As discussed above, the Internet radio interface is a little bit clunky, it just doesn't feel snappy and responsive like I would expect from a product touting this as such an important feature. Ergonomics: -

Editor's Note: The deduction for 7 vs 9 channel output has been removed, see Addendum below.


Summary:

The SC-37 is a monolithic A/V receiver with more features than even the geekiest enthusiast (myself) could fully appreciate. It's quite likely that many buyers will never use 50% of what the unit comes with, but that may be entirely irrelevant given one critical factor: performance. The SC-37 is a top-end receiver with beefy ICEpower amps, Marvell video processing and an extremely capable room correction system (MCACC) that ultimately does what every good receiver should: enhance the home theater experience. The SC-37 is by far the best sounding integrated AVR that I have had the pleasure of listening to, and includes enough raw power to make even the hardiest rock band dropout quail. HDMI handshake speed, video performance, and overall ease of use is incredible, and Pioneer has topped that off with what I believe to be the most useful new feature I've ever seen in an AVR: the on-remote screen.

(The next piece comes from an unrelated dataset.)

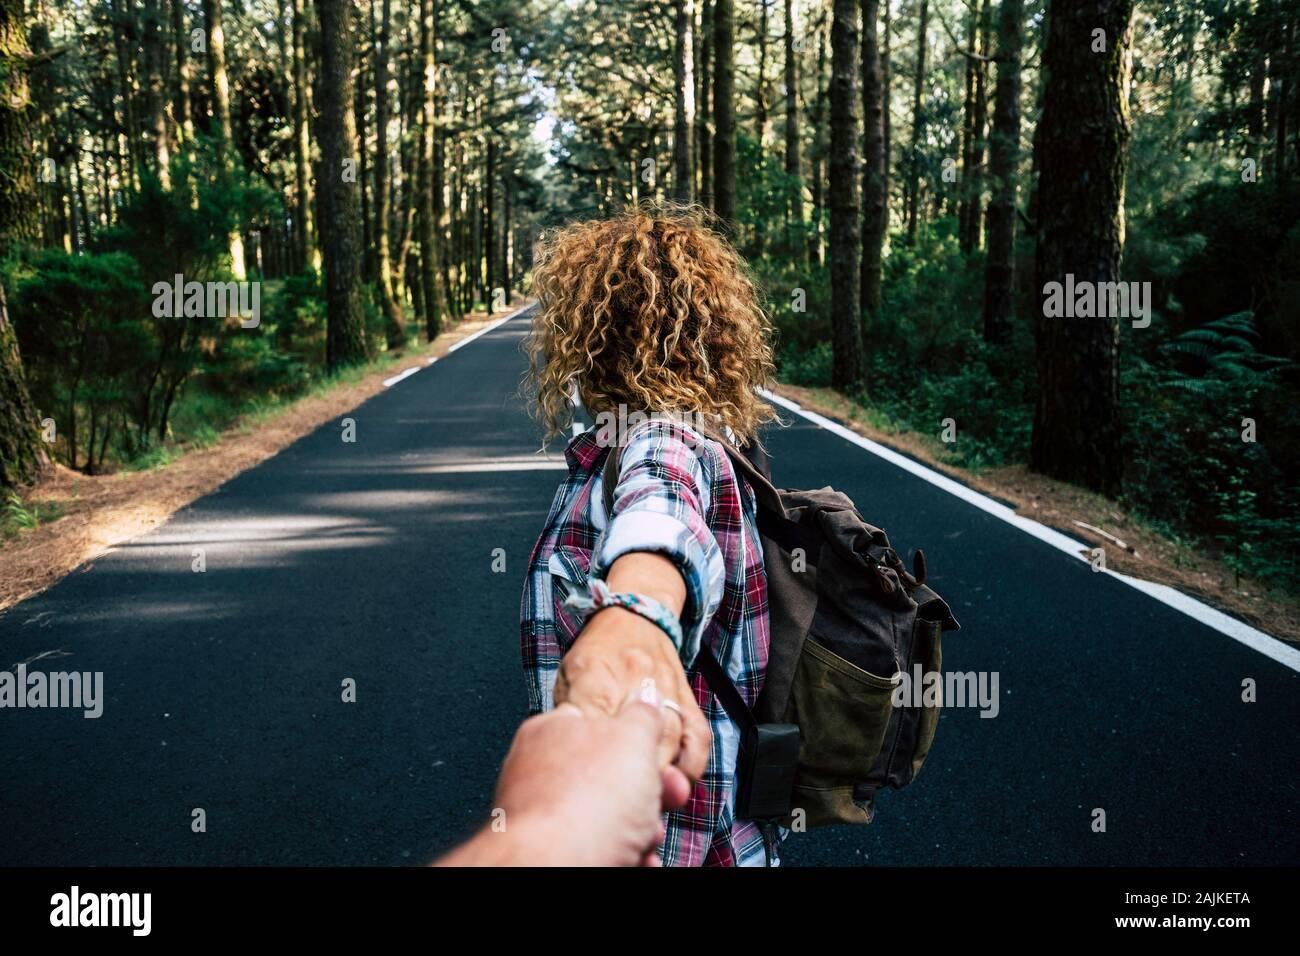 Par viajar juntos caminando con mochila de un bosque en una larga carretera de asfalto - el hombre punto de vista - Manos con amor y relaciones - alte Foto de stock

In a receiver that has an MSRP of $2200.00 it is entirely fair to expect a lot, and in the top range receiver market Pioneer faces stiff competition from Onkyo, Denon, Yamaha and Marantz. If Pioneer had chosen to include 9.2 channel output on the SC-37 it would be without doubt the most solid and full-featured A/V receiver offering in this market segment. While this does require me to remove a single half point from the feature rating of this receiver, I do not see myself (nor anyone I currently know) using 9 channel surround sound anytime soon. With the measured output power listed in my addendum below, the SC-37 has proven to be the ultimate A/V receiver choice for those who want lots of clean power and a killer feature set as well. While in many ways the SC-37 is an improved SC-27 with 3D capability, that is not a criticism. Pioneer has taken what was one of the top receivers of the last generation and improved upon it. While they may not have added as many bells and whistles as competitors, I believe that the quality of the unit speaks for itself. In the near future I will be upgrading my review system and at that time, will need a receiver in this price range. As of this moment, the Pioneer SC-37 is the front runner in my list. If you are in the market for a receiver in this price range, you owe it to yourself to listen to (and see) what the Pioneer Elite SC-37 has to offer.

Addendum:

With the recent reviews coming out for the Onkyo TX-NR5008 and some new data related to the SC-37 I would like to post some updated output information:

The SC-37 measures at:

5 channels driven continuously into 8-ohm loads:
0.1% distortion at 135.7 watts
1% distortion at 171.9 watts

7 channels driven continuously into 8-ohm loads:
0.1% distortion at 125.4 watts
1% distortion at 164.7 watts

While the Onkyo TX-NR5008 measures at:

5 channels driven continuously into 8-ohm loads:
0.1% distortion at 79.1 watts.
1% distortion at 95.5 watts.

7 channels driven continuously into 8-ohm loads:
0.1% distortion at 78.7 watts.
1% distortion at 94.6 watts.


From this information is does appear that while the Onkyo does have 2 additional amp channels, if you're a normal individual with a 5 or 7 channel setup, the Pioneer is indeed the better choice if you want cool clean power.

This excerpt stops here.